The term mameluco is one that is used very little in Brazil, but like mulatto, mameluco can be traced back to Portuguese sources in the sixteenth century, following their establishment of a colonial outpost in Brazil. The first representation of a mameluco is in de Bry's version of Hans Staden's description of Brazil.

In Eckhout's painting of the mameluca woman, he presents a half-Brazilian and half-European woman holding a basket.

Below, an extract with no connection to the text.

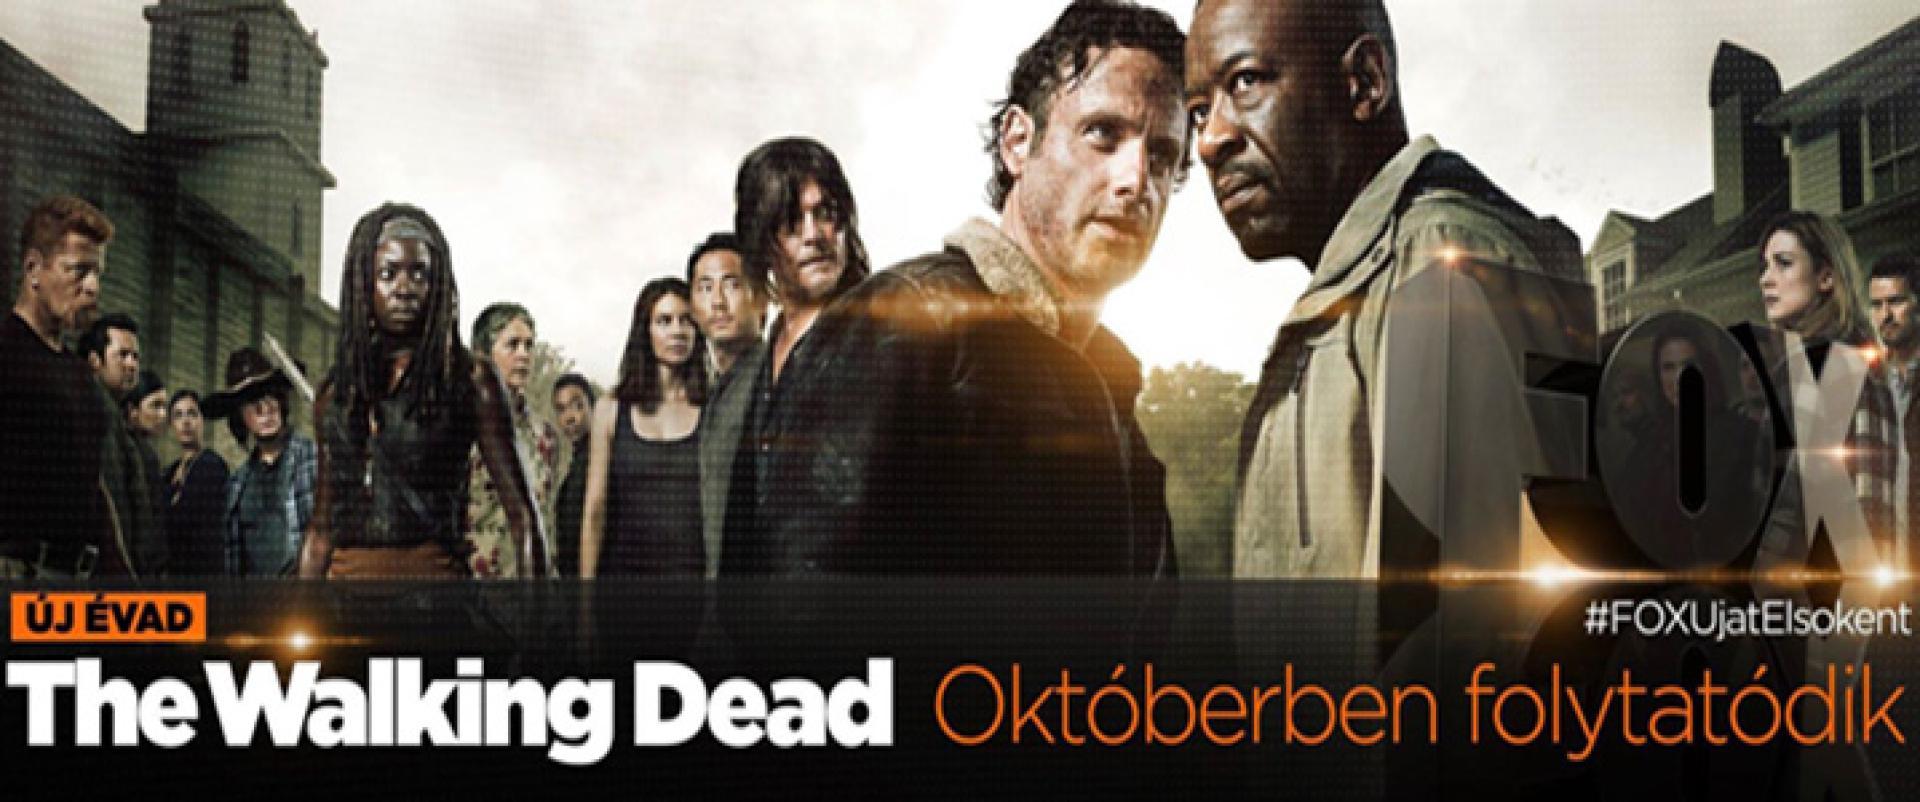 The Walking Dead, 6. évad: poszter és spekulációk
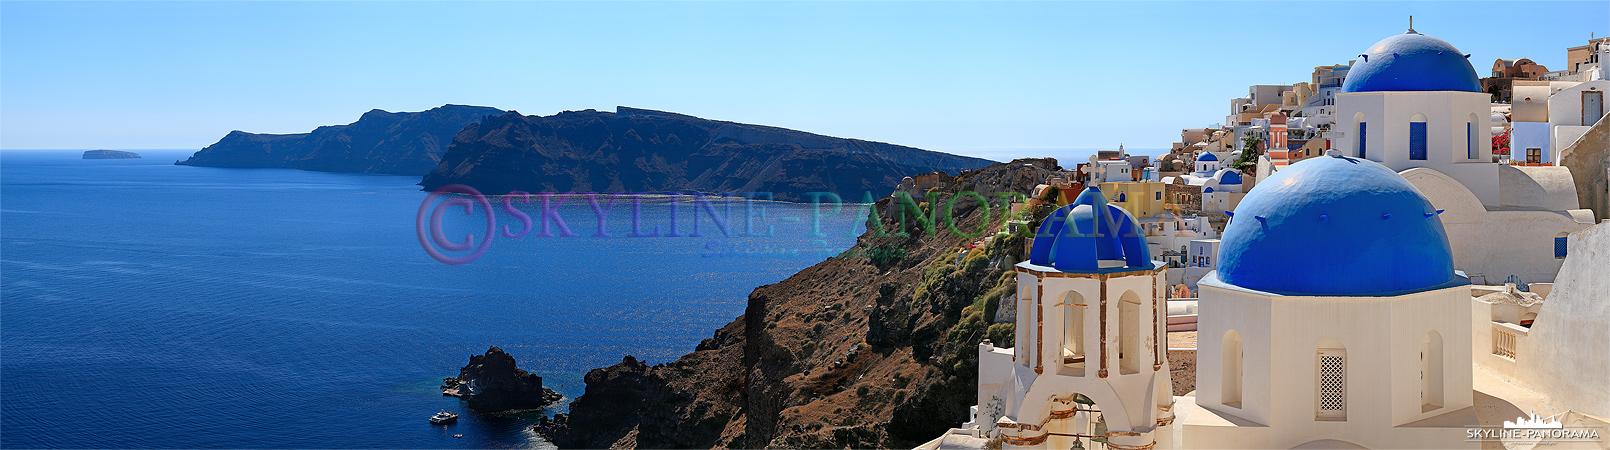 Blaue Kirchenkuppel - Kaum eine Kirchenkuppel auf Santorini ist nicht in den typischen und tratitionell griechischen Farben Weiß & Blau gestrichen.

Eckhout's depiction shows a woman in a flowing white dress balancing a basket of flowers in one hand. Her other hand is lifting her dress to reveal a small portion of her leg. This painting has many aspects that were characteristics of Eckhout's other paintings from his time in Brazil. The two guinea pigs at the woman's feet show his interest in the natural life of Brazil. In addition, the flowers she is carrying and the plant life around her were Eckhout's way of representing the fertility of Brazil, drawing attention to the successful production of crops there.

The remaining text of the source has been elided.